- **What needs to be done**: Transcribe the listing below word for word but skip its images.

- **Given information**:
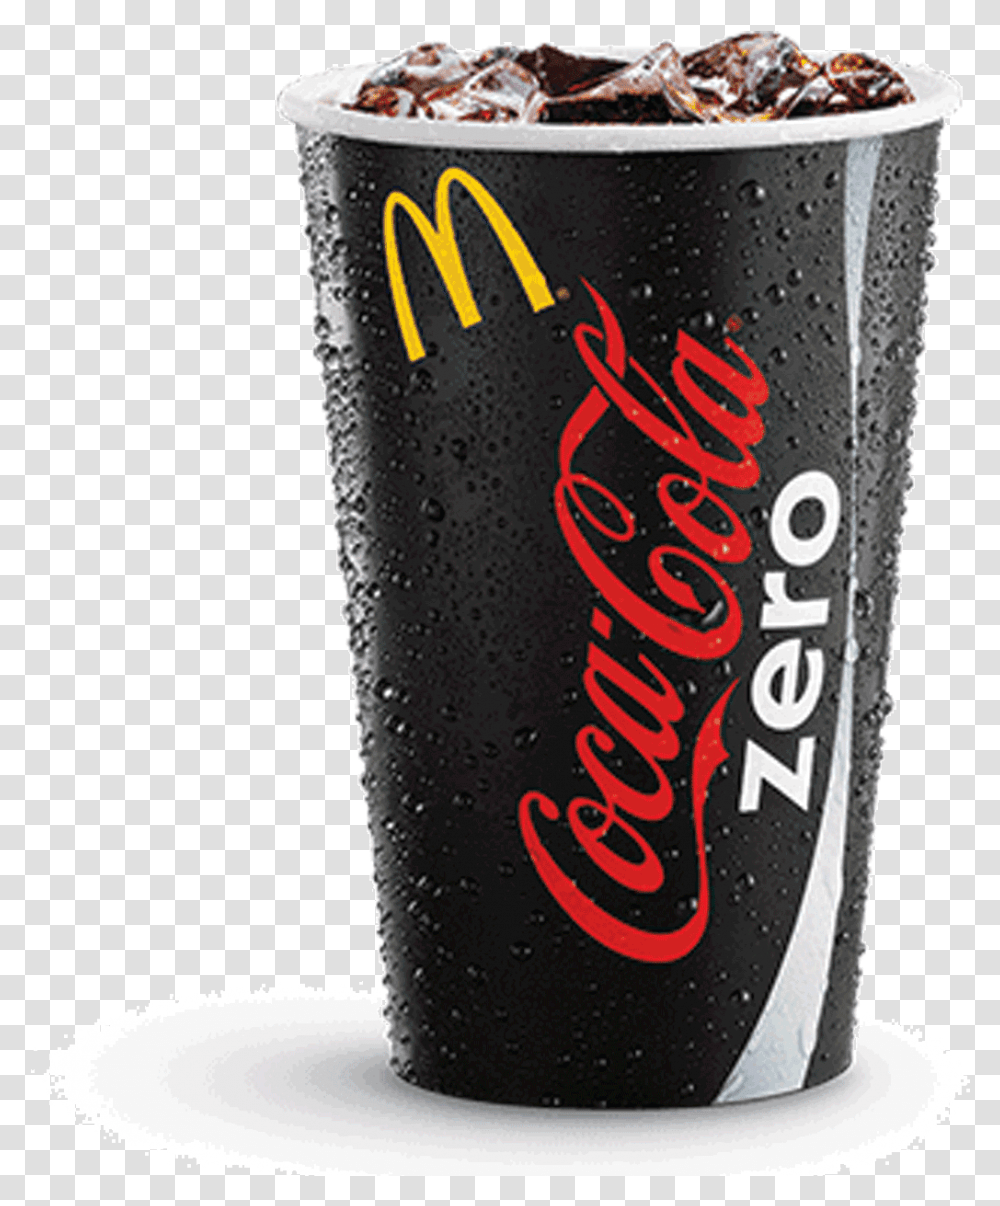 Download Menu Coke Zero Much Sugar In A Can Of Coke Coca Cola, Beverage, Drink, Soda, Wedding Cake Transparent Png
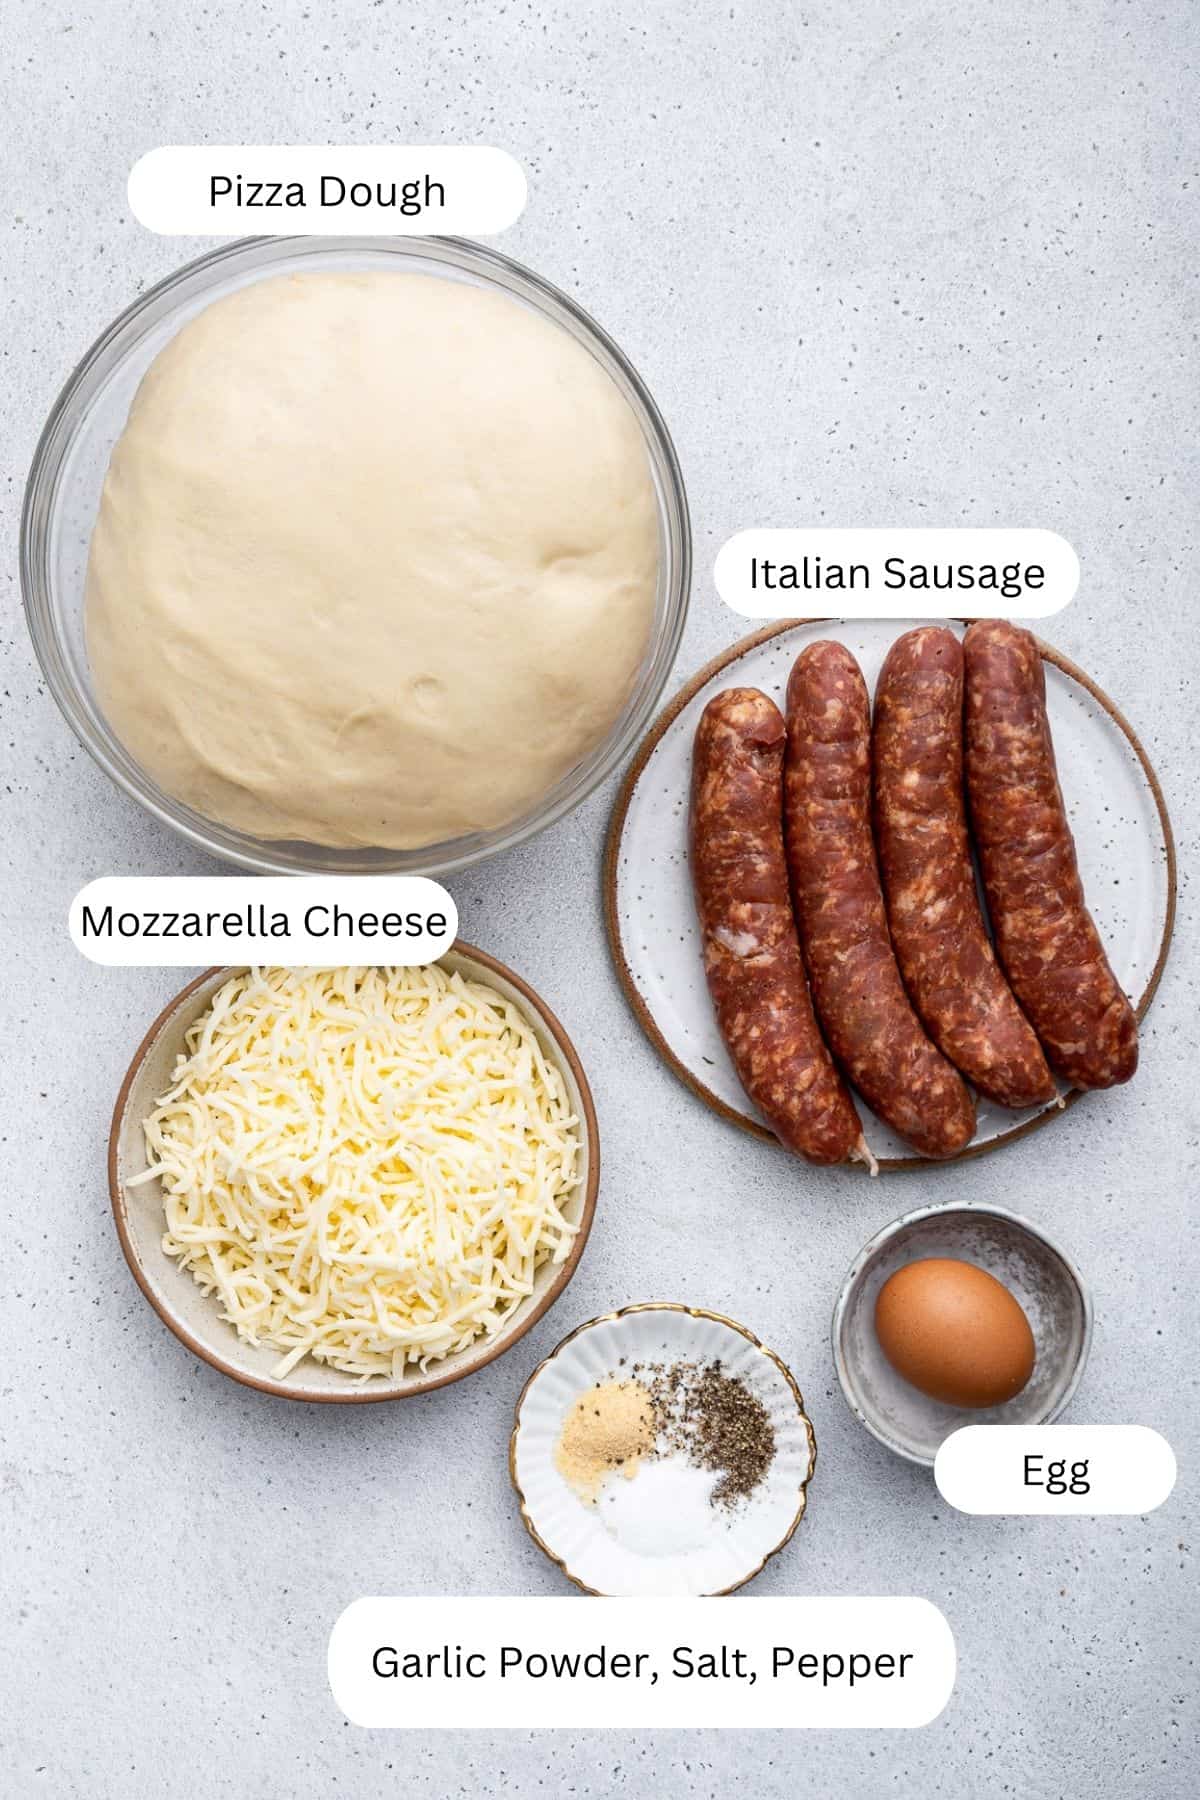 Ingredients for making sausage bread.
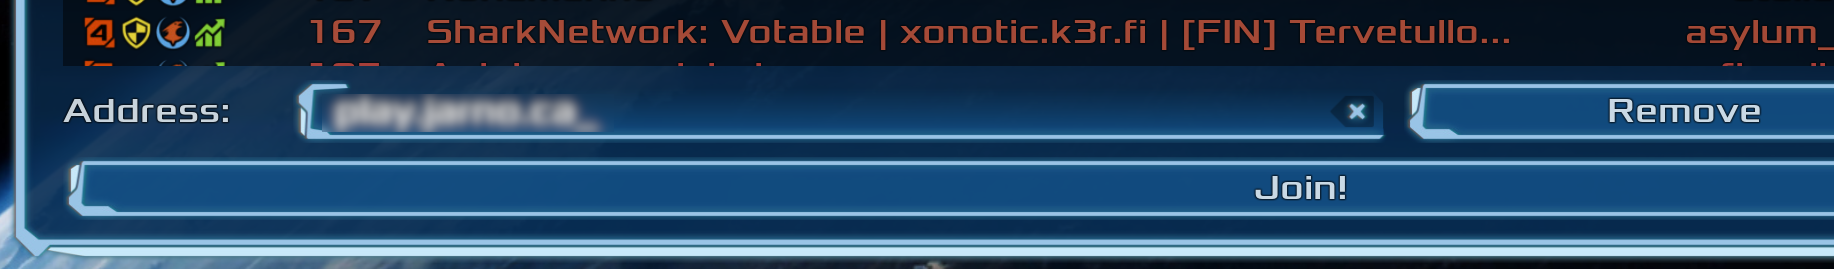 Server name input in Xonotic
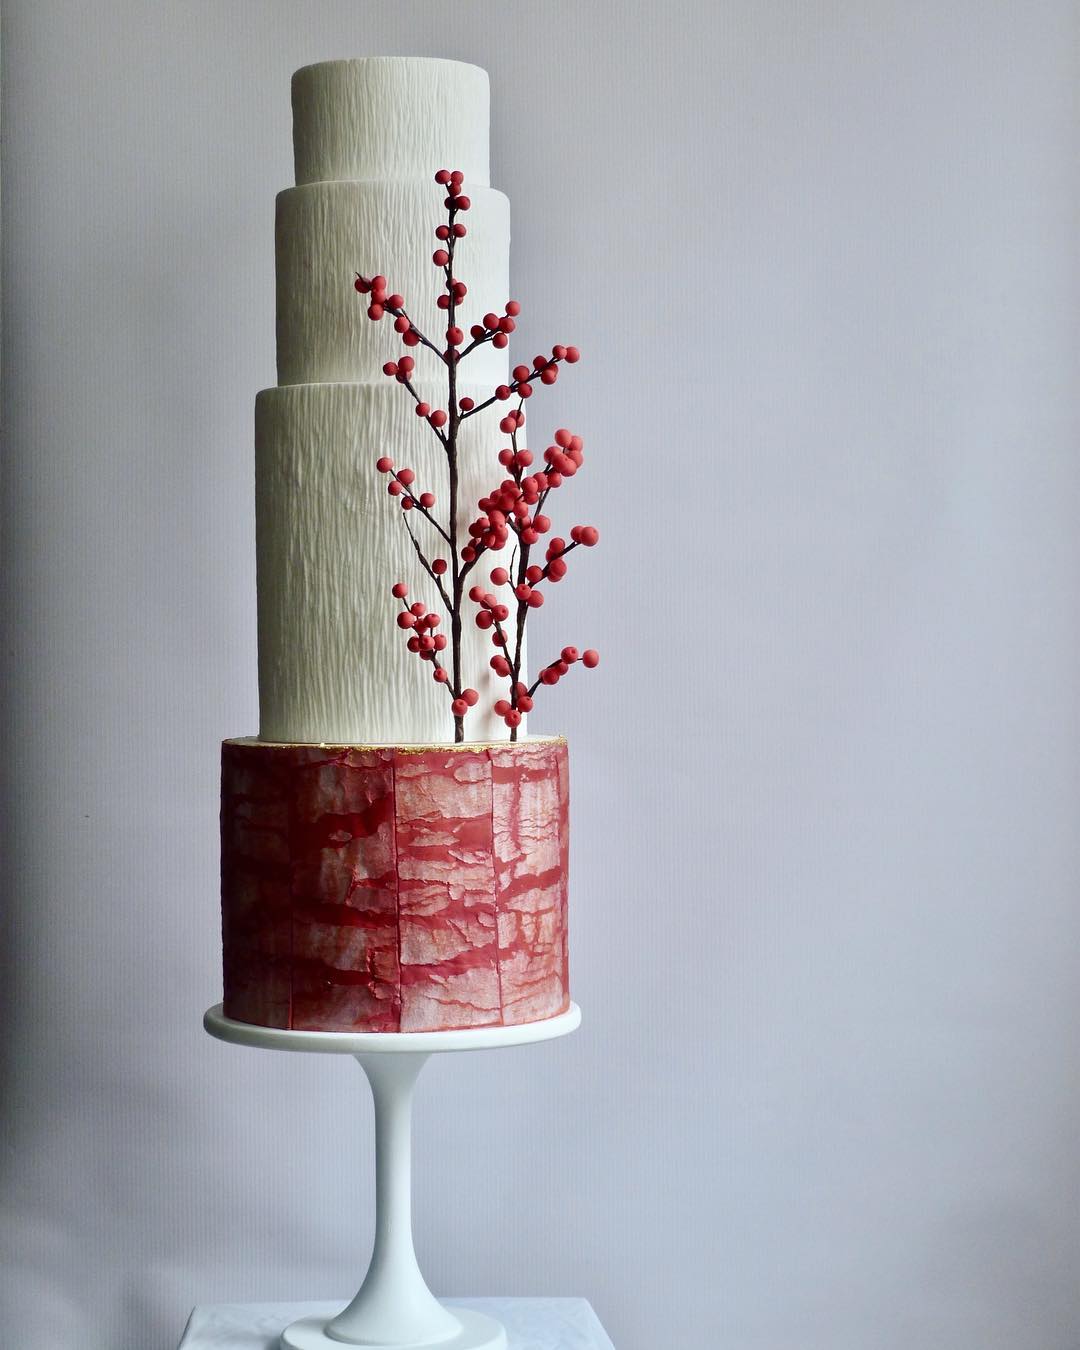 Winter Wedding Cakes ideas!

- **Problem solution**:
 Download Menu Coke Zero Much Sugar In A Can Of Coke Coca Cola, Beverage, Drink, Soda, Wedding Cake Transparent Png
 Ingredients for making sausage bread.
 Server name input in Xonotic
 Winter Wedding Cakes ideas!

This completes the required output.